(Supplied material)
**********
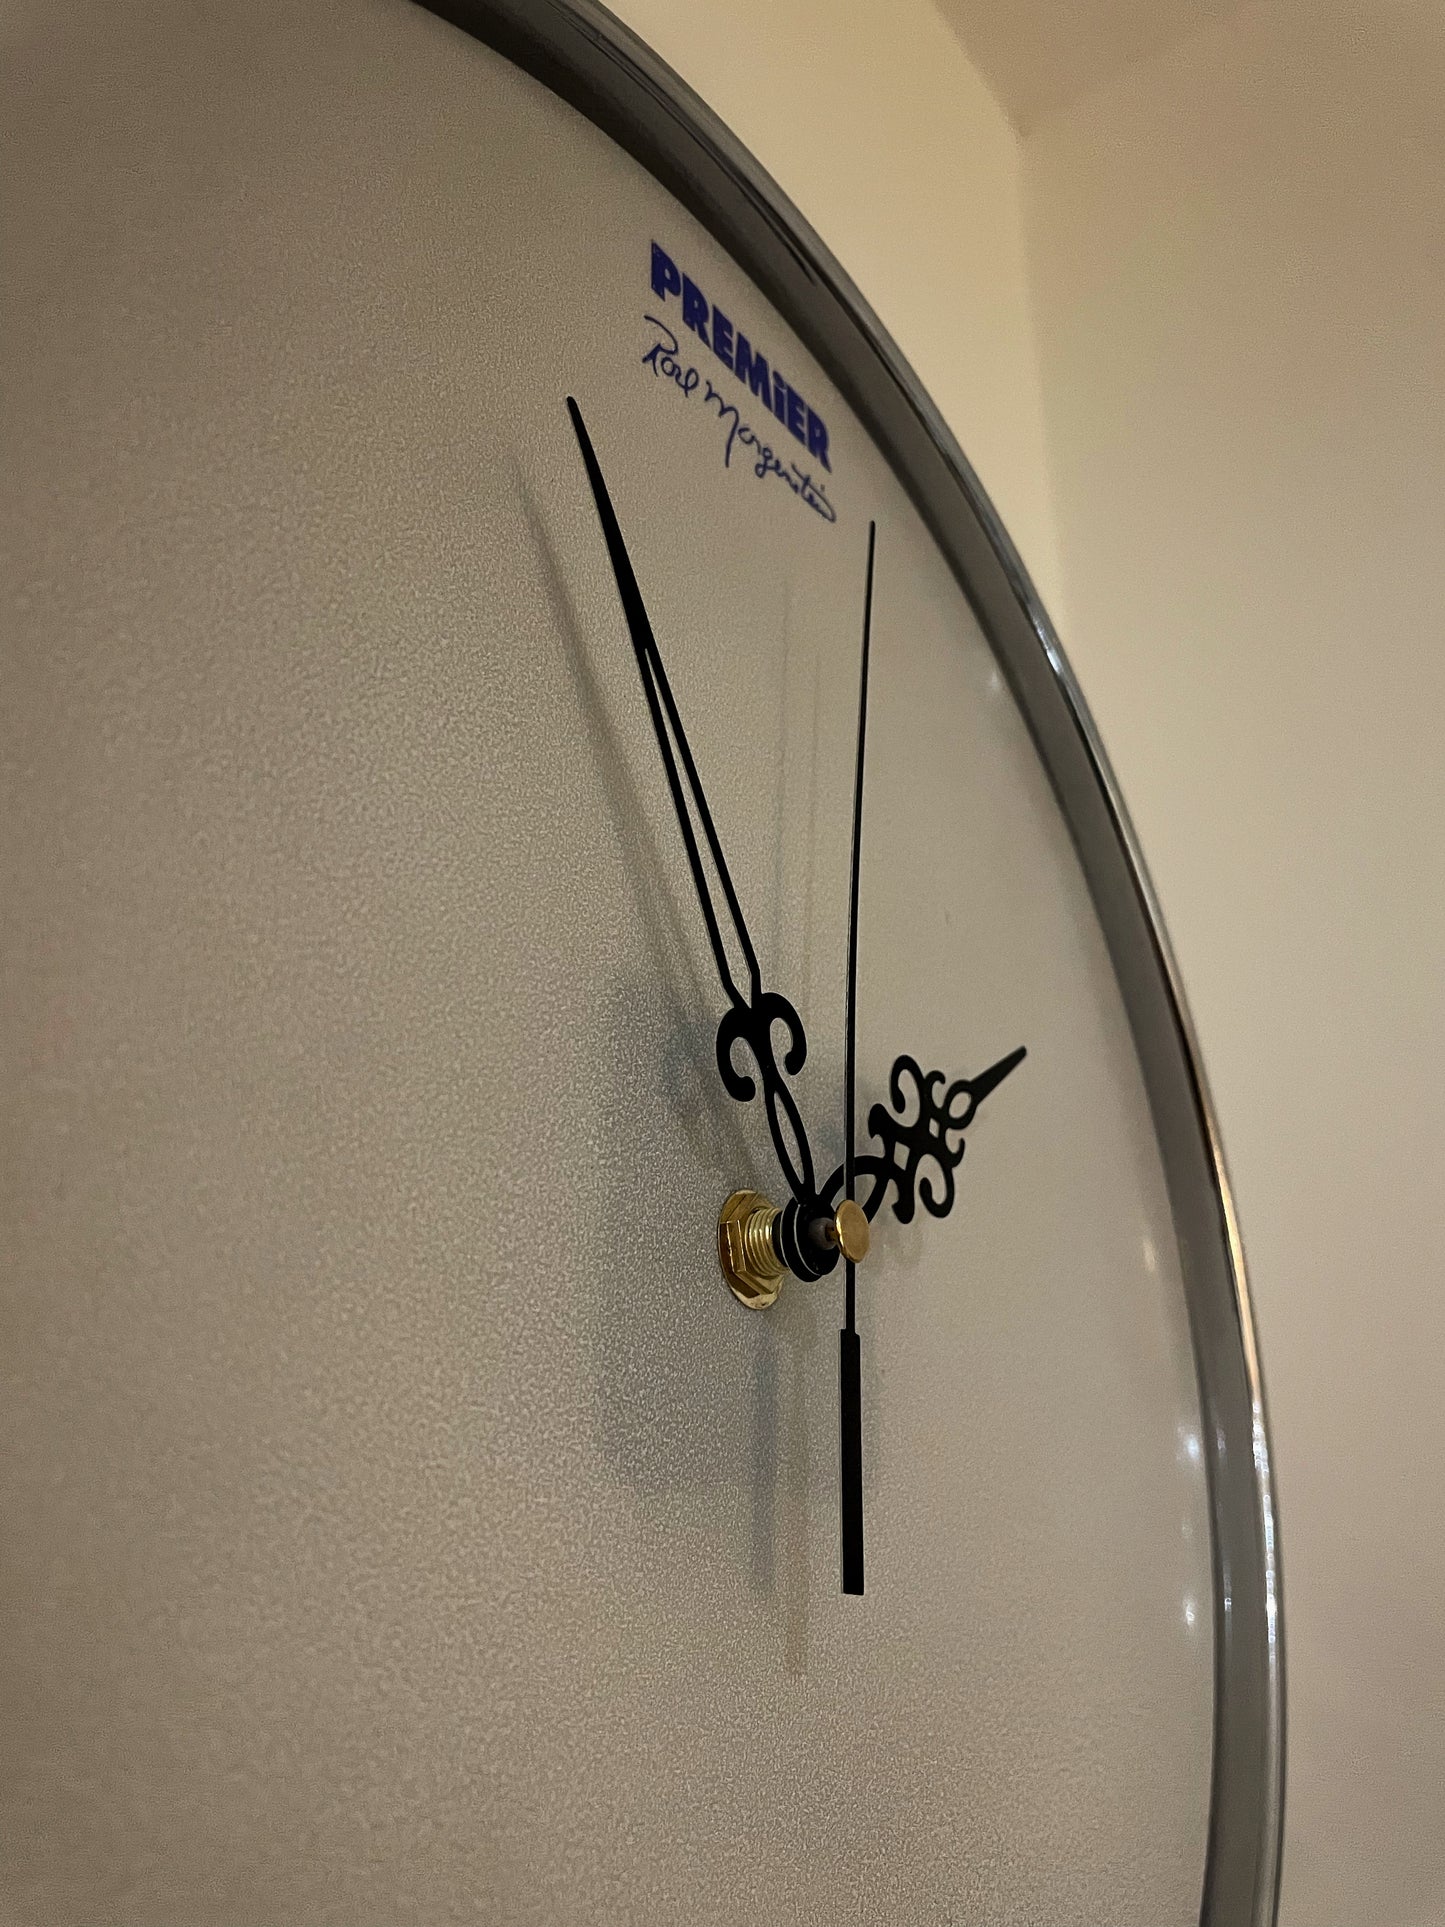 Premier Drum Clock / Wall Mounted 12” Drum Clock / Rustic / Upcycled Drum / Drum Kit
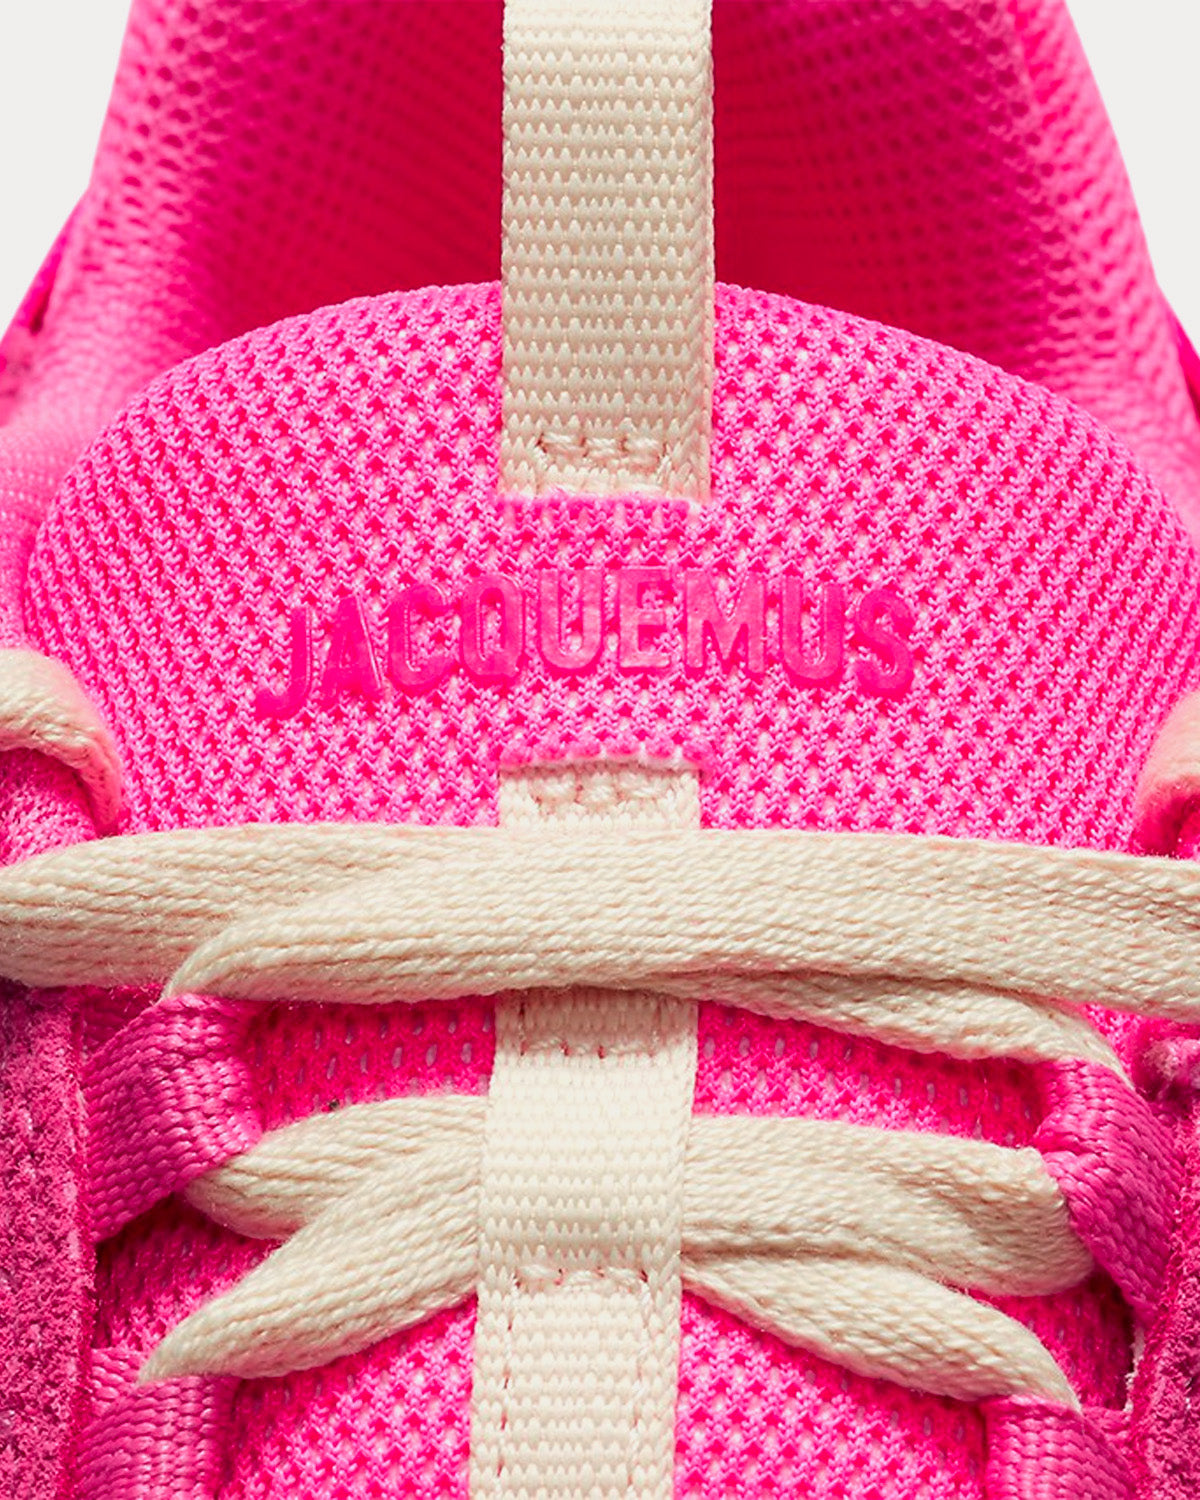 Nike x Jacquemus - Air Humara LX Pink Low Top Sneakers
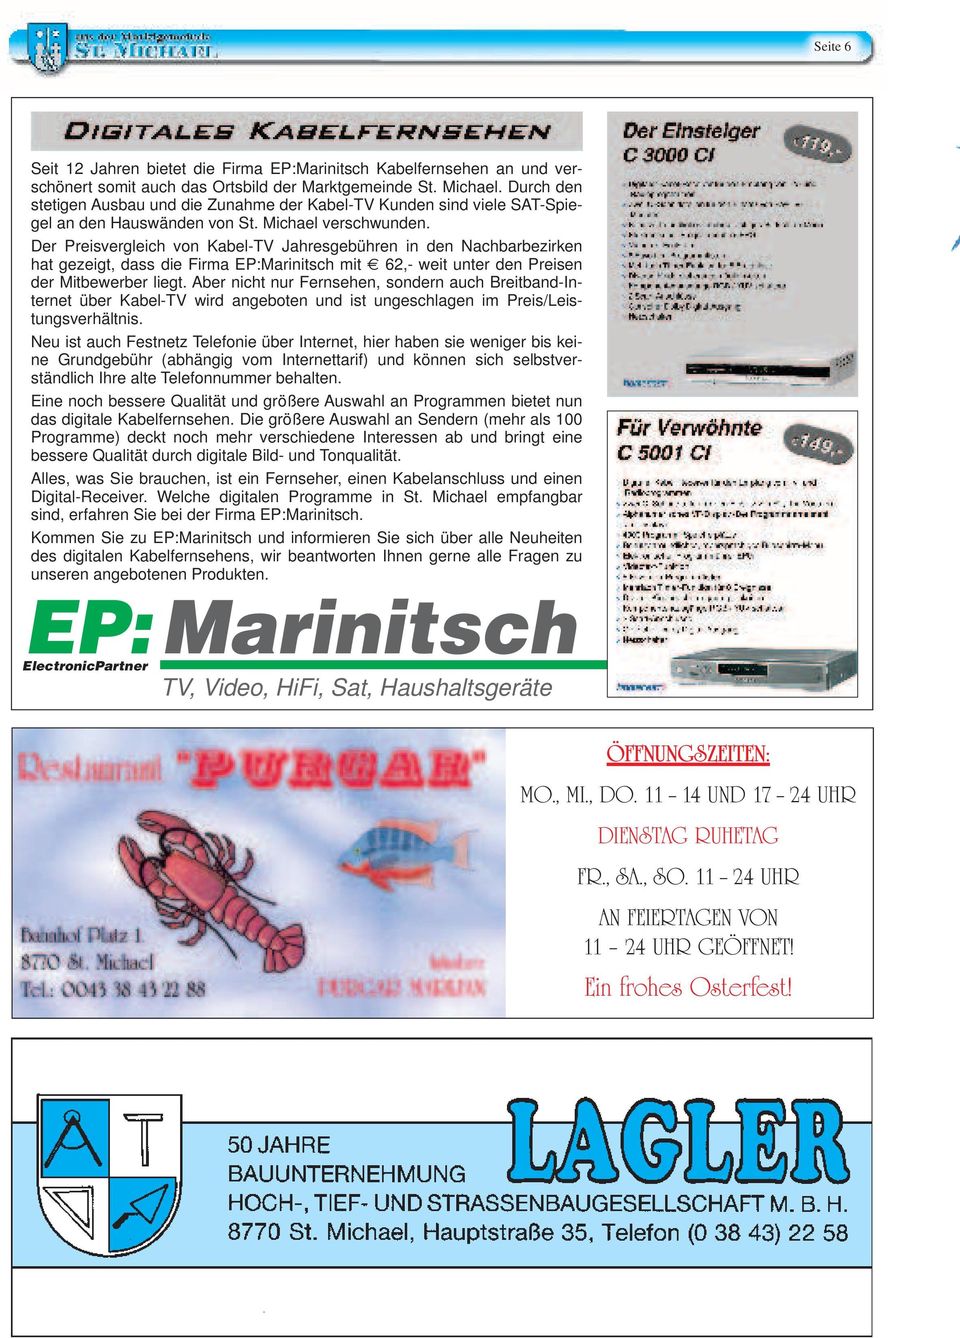 Der Preisvergleich von Kabel-TV Jahresgebühren in den Nachbarbezirken hat gezeigt, dass die Firma EP:Marinitsch mit 62,- weit unter den Preisen der Mitbewerber liegt.
**********
(What is expected)
Repeat the material above word for word and skip every image in it.

(Solution for this task)
 Premier Drum Clock / Wall Mounted 12” Drum Clock / Rustic / Upcycled Drum / Drum Kit
 Nike x Jacquemus - Air Humara LX Pink Low Top Sneakers
 Der Preisvergleich von Kabel-TV Jahresgebühren in den Nachbarbezirken hat gezeigt, dass die Firma EP:Marinitsch mit 62,- weit unter den Preisen der Mitbewerber liegt.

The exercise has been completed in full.